Change can be scary.  Change can be helpful and/or hurtful.  Change can be reinvigorating, or it can be exhausting.  Change can be a lot of things to us, but the one thing change will never be, is consistent.  Change won’t change.

I think what makes the seasons of change in our life so difficult and scary is the unknown.  We know things will change, but we don’t know how or when or why or what new realities change will bring.  Unless you are deeply rooted, the winds of change will leave you bruised and battered and will blow away all of our joy and happiness.  Having deep roots is important, but even the deepest roots will be uprooted in the winds of change unless they are found to be buried in the right soil.  If the ground in which you plant your roots shifts with the wind or is unstable…then so are you…and then you’re no less subject to the unpredictable winds of change than a fallen leaf.
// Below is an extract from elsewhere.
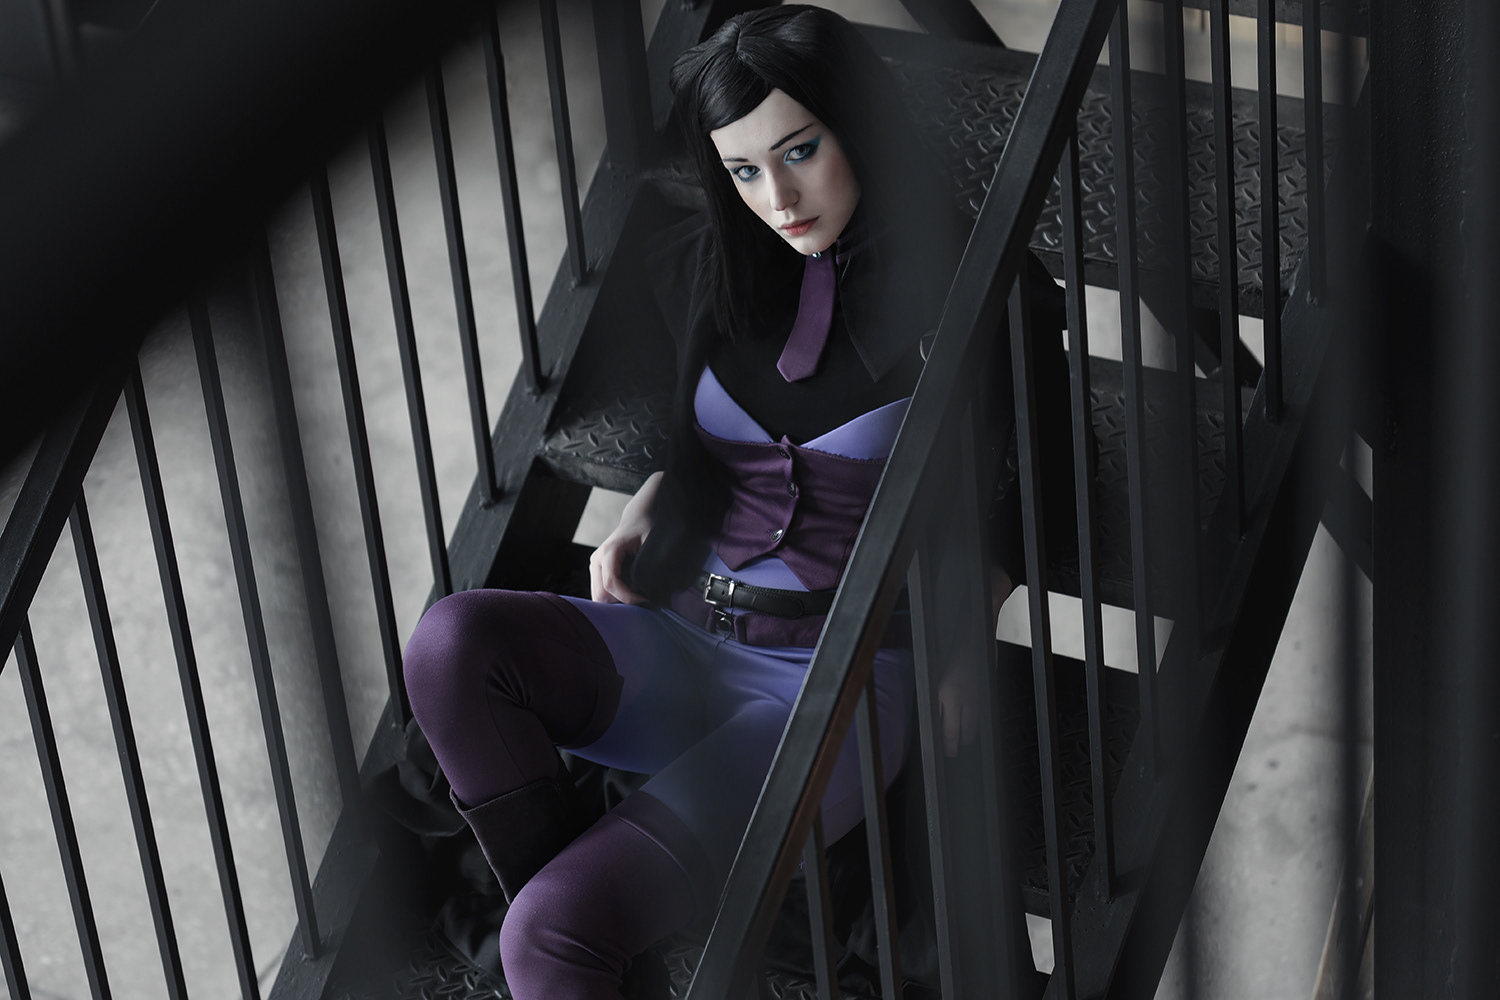 L.E.N. on X: Little cosplay of Re-L Mayer (from the anime Ergo Proxy) What  do you think? 😀 Btw, if you haven't watched the series I really recommend  it! Gorgeous, dark, dystopian/sci-fi

The only consistency that exists in this life or the next, the only solid ground that exists in which we can confidently plant our roots deeply, is the Word of God, God Himself and in His Son Jesus Christ.  Living this life rooted in the Word of God, reading, and meditating and living in His Word both day and night as our text says in Psalm 1 is the only hope we have of enduring the seasons of change in life and the only way that we can bear good fruit and thrive even in the driest of summers and the coldest of winters.

Everyone and everything in this life will change…many times.  God, however, says in Malachi 3:6, “For I the Lord do not change; therefore you, O children of Jacob, are not consumed.”  And Hebrews 13:8 says that “Jesus Christ is the same yesterday, today and forever.”

Since the very first sin in the Garden of Eden, God promised that He would provide salvation in a son born of woman.  Despite sinful mankind’s rebellion against God and His grace, despite the inconsistency of our love toward God, God’s love for us never wavered in the least.  As God continued to promise through the His prophets, despite our sinfulness God would remain faithful and unchanging in His mercy, and as promised, the Word of God itself became flesh in Jesus Christ and saved us from sin and death by dying in our place and rising again to give us new life.  And that Risen Lord Jesus says to us in John 15:5, “I am the vine; you are the branches.  If you remain in me and I in you, you will bear much fruit; apart from me you can do nothing.”

No matter the season or the changes we go through, by God’s grace through faith in Christ our salvation is secure and we remain the children of God.  Stay rooted in His love and His Word my friends, and remember, that God has forgiven yesterday, is with you today and has already taken care of tomorrow.  Amen.